◆ **MATERIAL PROVIDED**:
+---+
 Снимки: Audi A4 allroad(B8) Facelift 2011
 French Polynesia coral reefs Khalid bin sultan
+---+
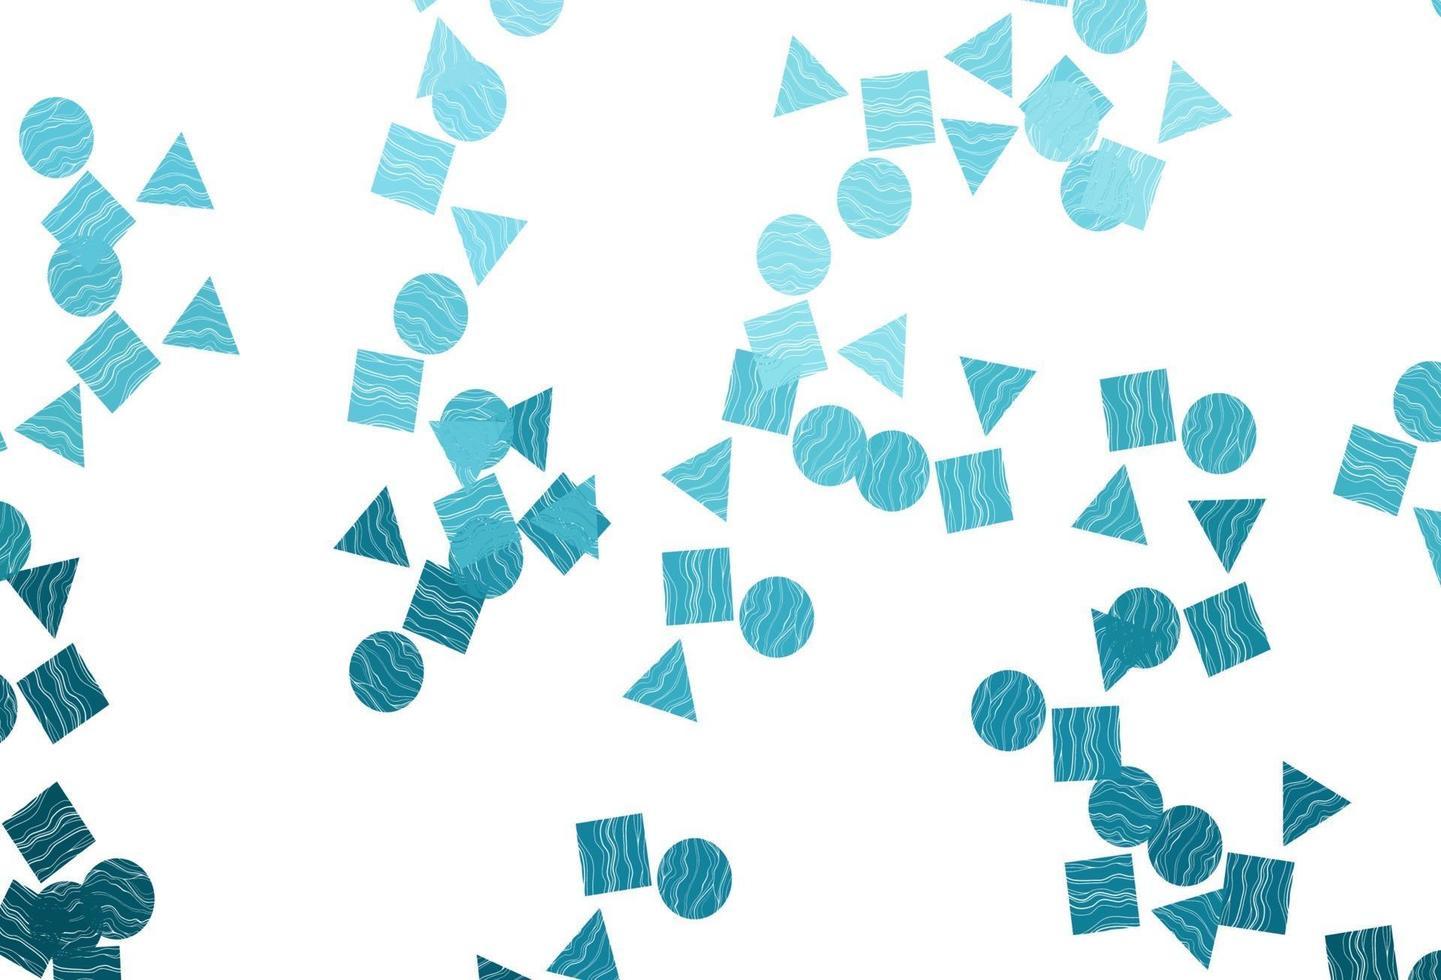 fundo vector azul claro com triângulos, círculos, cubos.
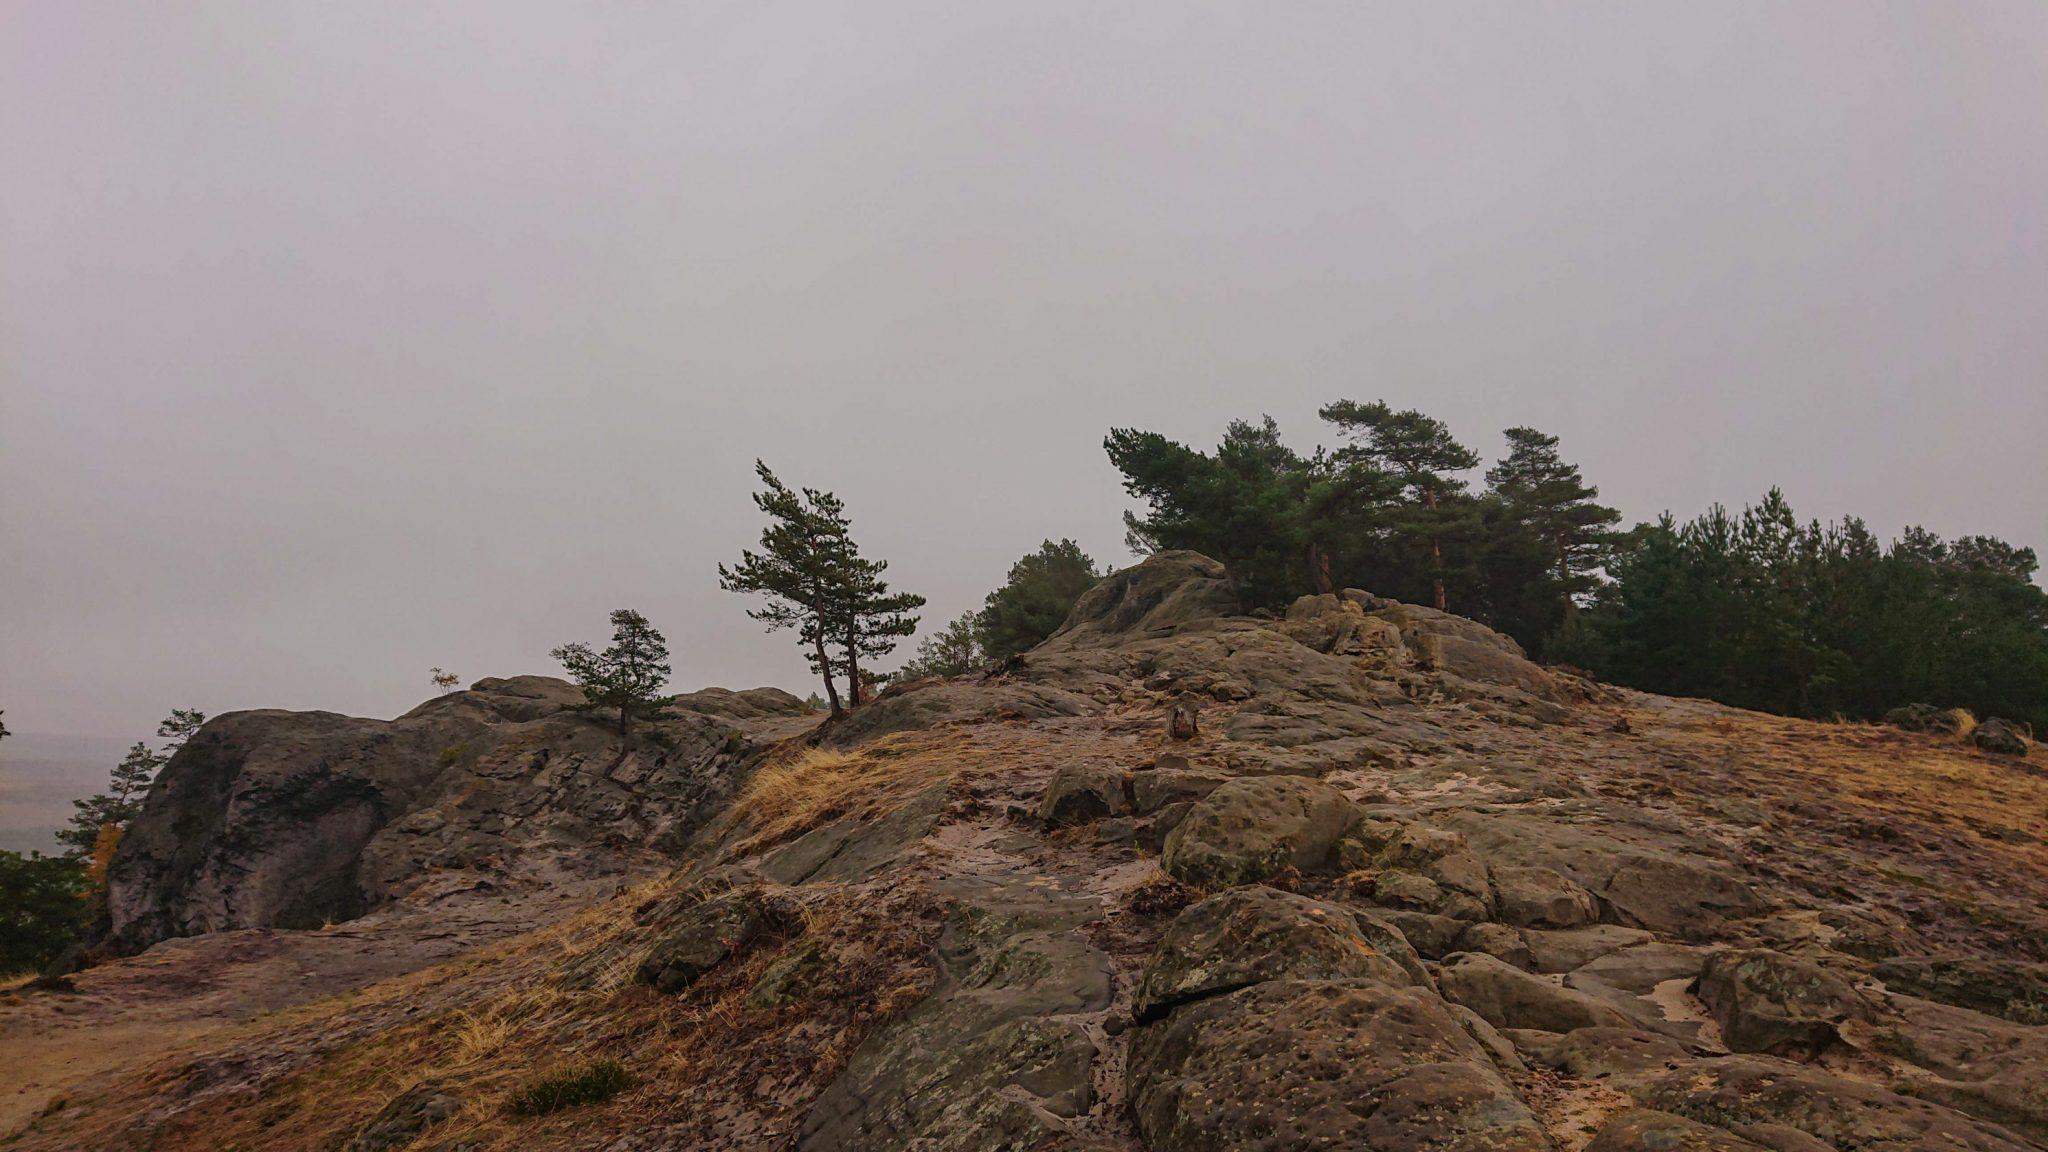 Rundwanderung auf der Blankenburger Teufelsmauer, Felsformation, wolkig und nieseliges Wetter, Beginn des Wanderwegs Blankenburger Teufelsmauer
+---+
What are the lines above, starting at the one with "Снимки: Audi A4 allroad(B8) Facelift 2011" and ending at the one with "French Polynesia coral"? Give them again exactly, and only them.

◆ **SOLUTION BELOW**:
 Снимки: Audi A4 allroad(B8) Facelift 2011
 French Polynesia coral reefs Khalid bin sultan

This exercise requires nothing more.